1. Mar 9, 2012

### roam

1. The problem statement, all variables and given/known data

http://img29.imageshack.us/img29/4386/prob1p.jpg [Broken]

3. The attempt at a solution

To answer the first question as to why the air needs to be refrigerated, I think it's because refrigerating the gas cause it to do work, so its enthalpy will decrease resulting in a decrease in temperature. Is the correct?

This is my attempt at the calculation part: Since this is an Adiabatic process we consider the case, Q = 0 (when the heating or cooling is zero). So du = cvdT=-pdα. To use this equation we need to know the density since α=1/ρ.
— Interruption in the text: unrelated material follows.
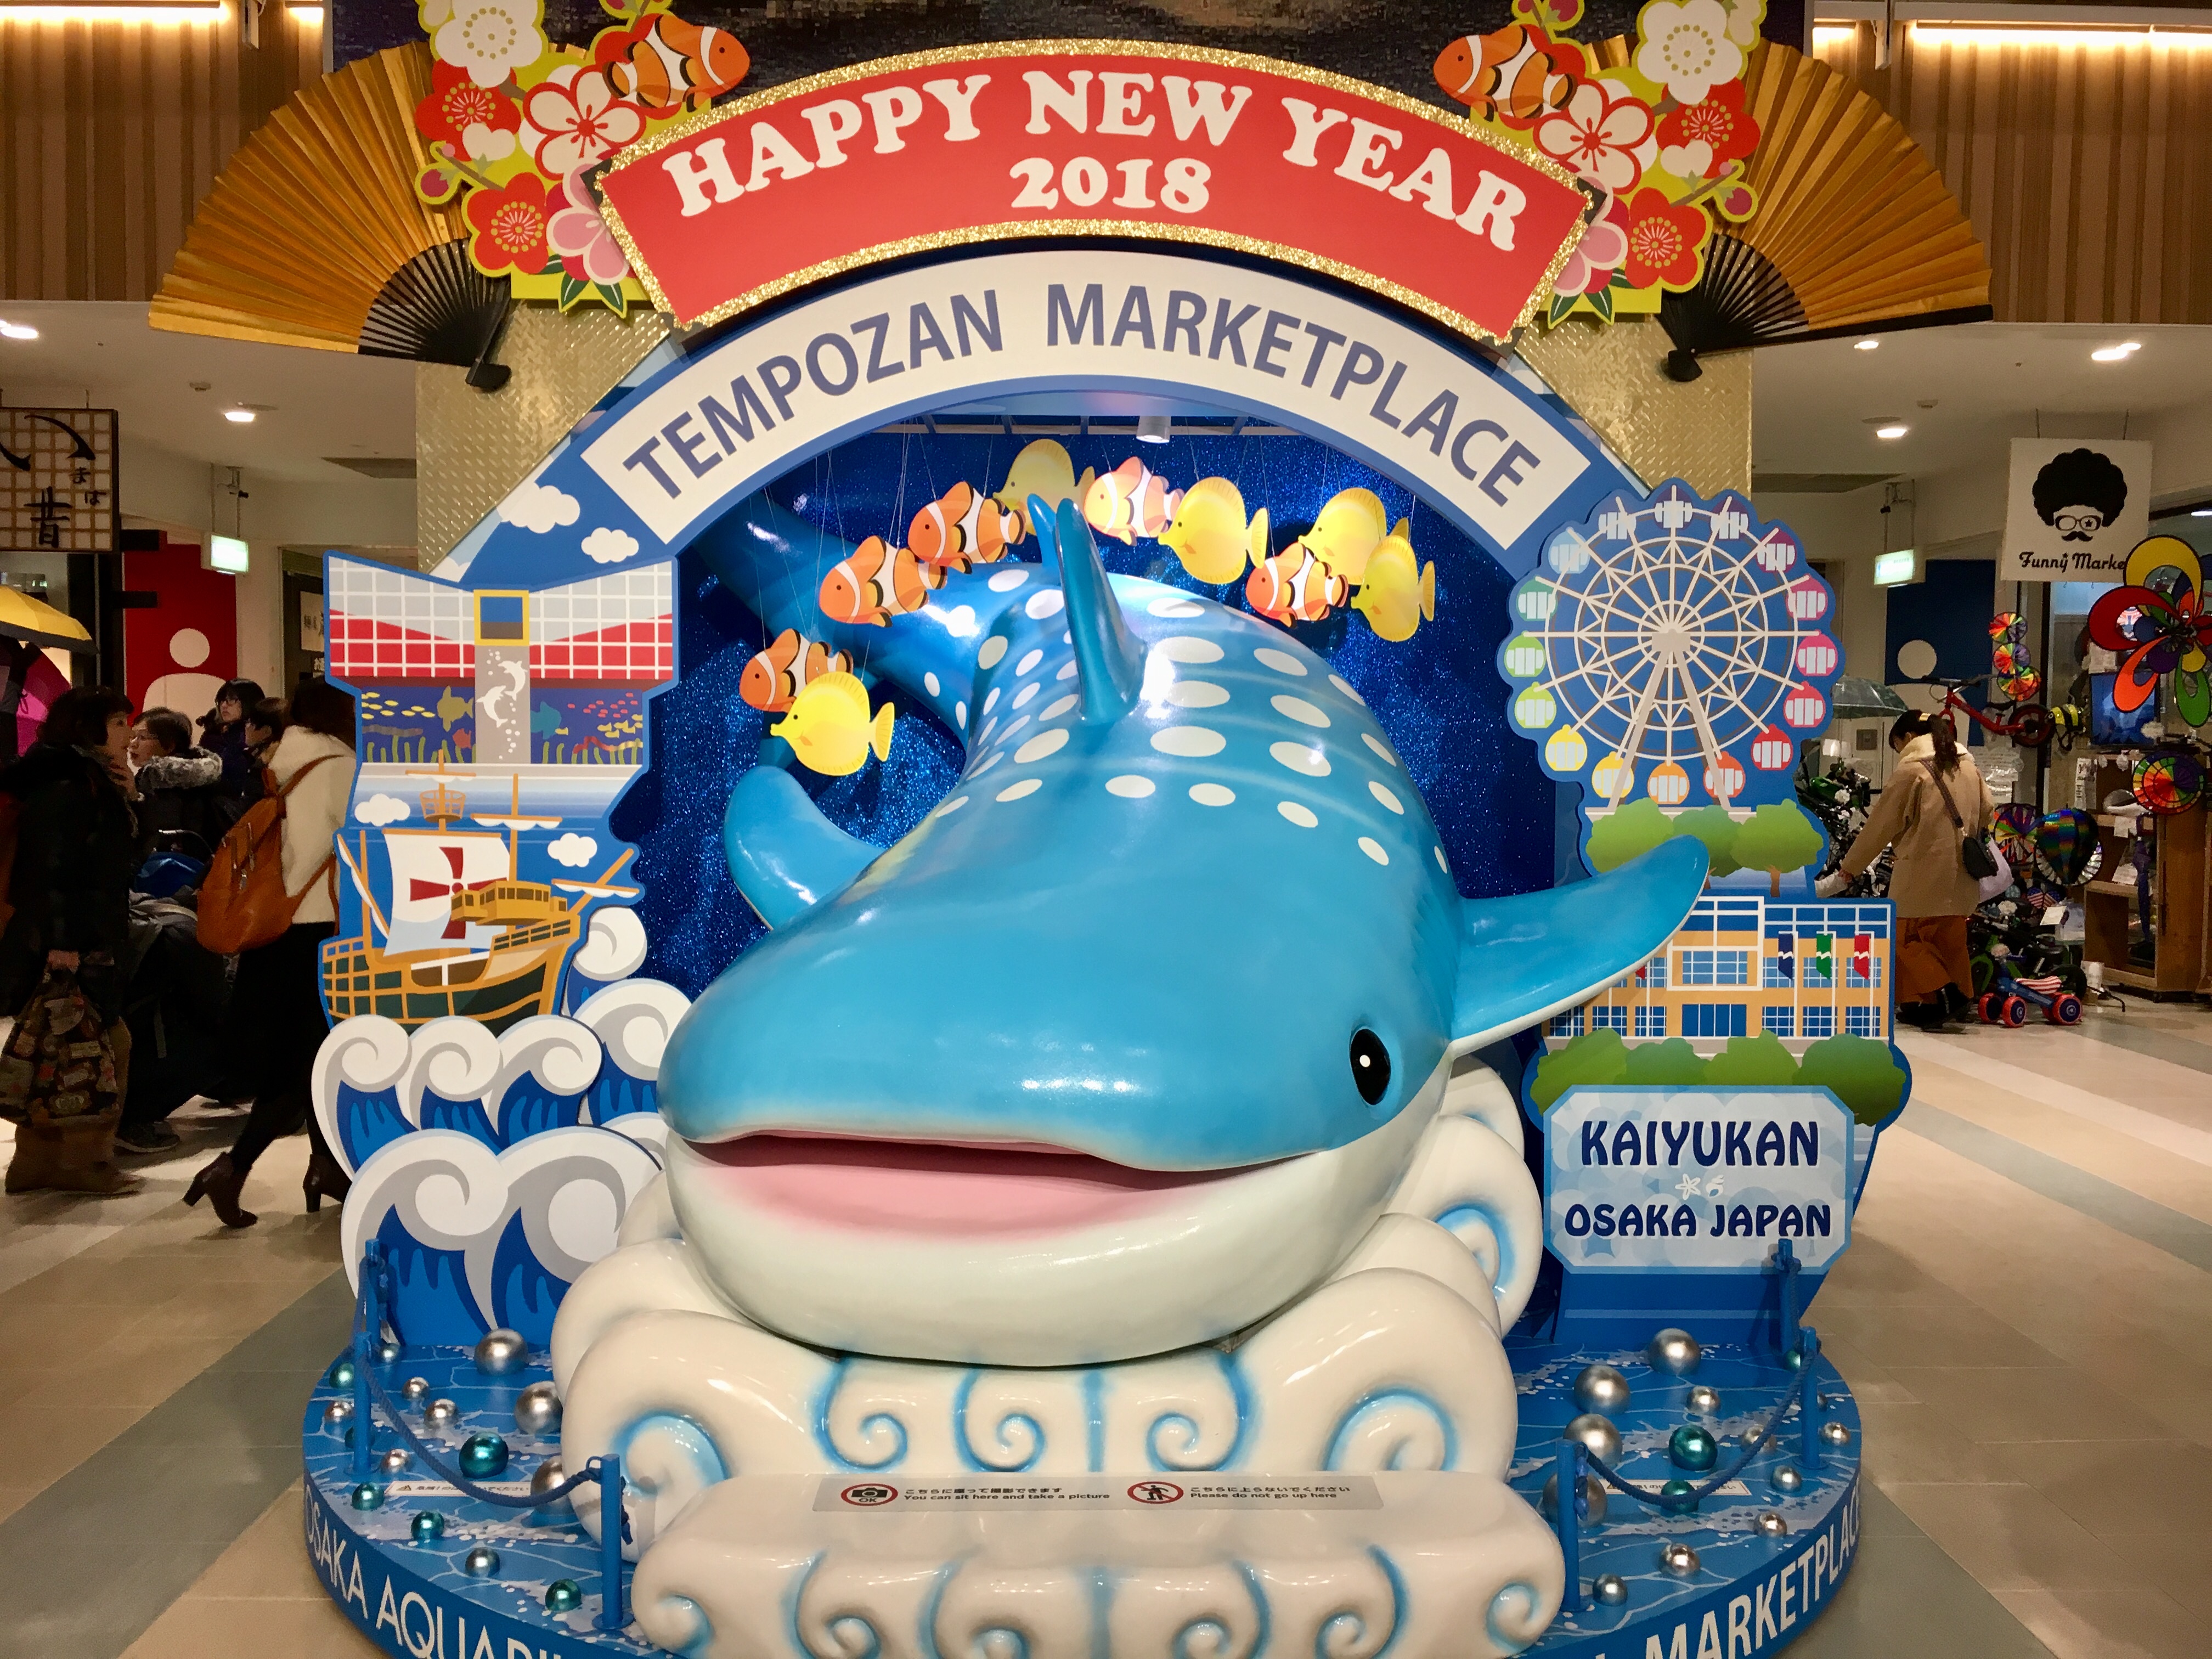 adorable character statue of a whale shark at tempozan harbor village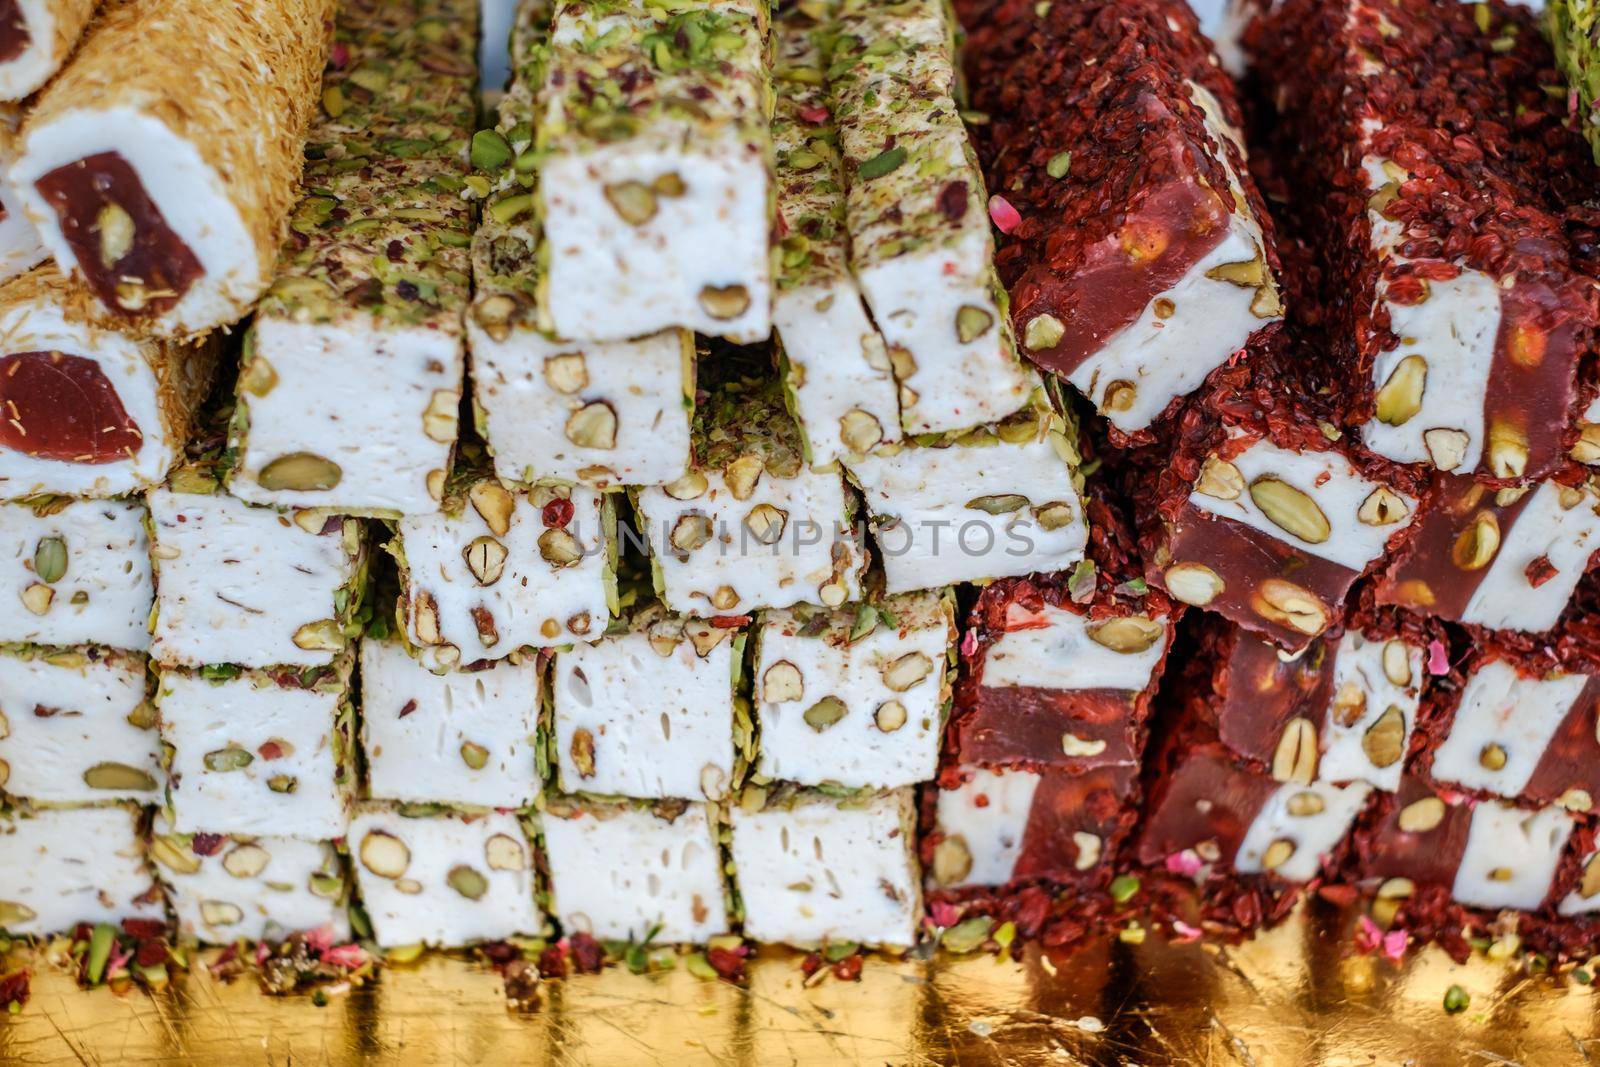 Variety of Turkish signature local foods known as Turkish Delight available for sale mostly in all areas in Turkey country

I first found the initial volume using the equation PV/T = nR, and since nR is constant (no gas escapes):

$\frac{P_iV_i}{T_i} = \frac{P_fV_f}{T_f}$

$\frac{(300 \times 10^2)V_i}{-40} = \frac{(800 \times 10^2) \times 0.0005 \ m^2}{20}$

$\therefore V_i = - 0.00266 m^3$

I don't understand the -ve in volume but:

$\rho = \frac{PV}{RT} = \frac{(800 \ hPa -300 \ hPa) \times (0.0005+0.00266)}{287 \times (-40+20)} = -0.0275 \ Kg/m^3$

$du = -(800 \times 10^2) \frac{1}{-0.0275} = 2906329.114 \ J$

I don't think my calculation is correct because it didn't take into account the specific heat of air that they provided. If I used du = cvdT = 1005 x (20+40) = 60300, which is a completely different answer. Any help or hints are greatly appreciated.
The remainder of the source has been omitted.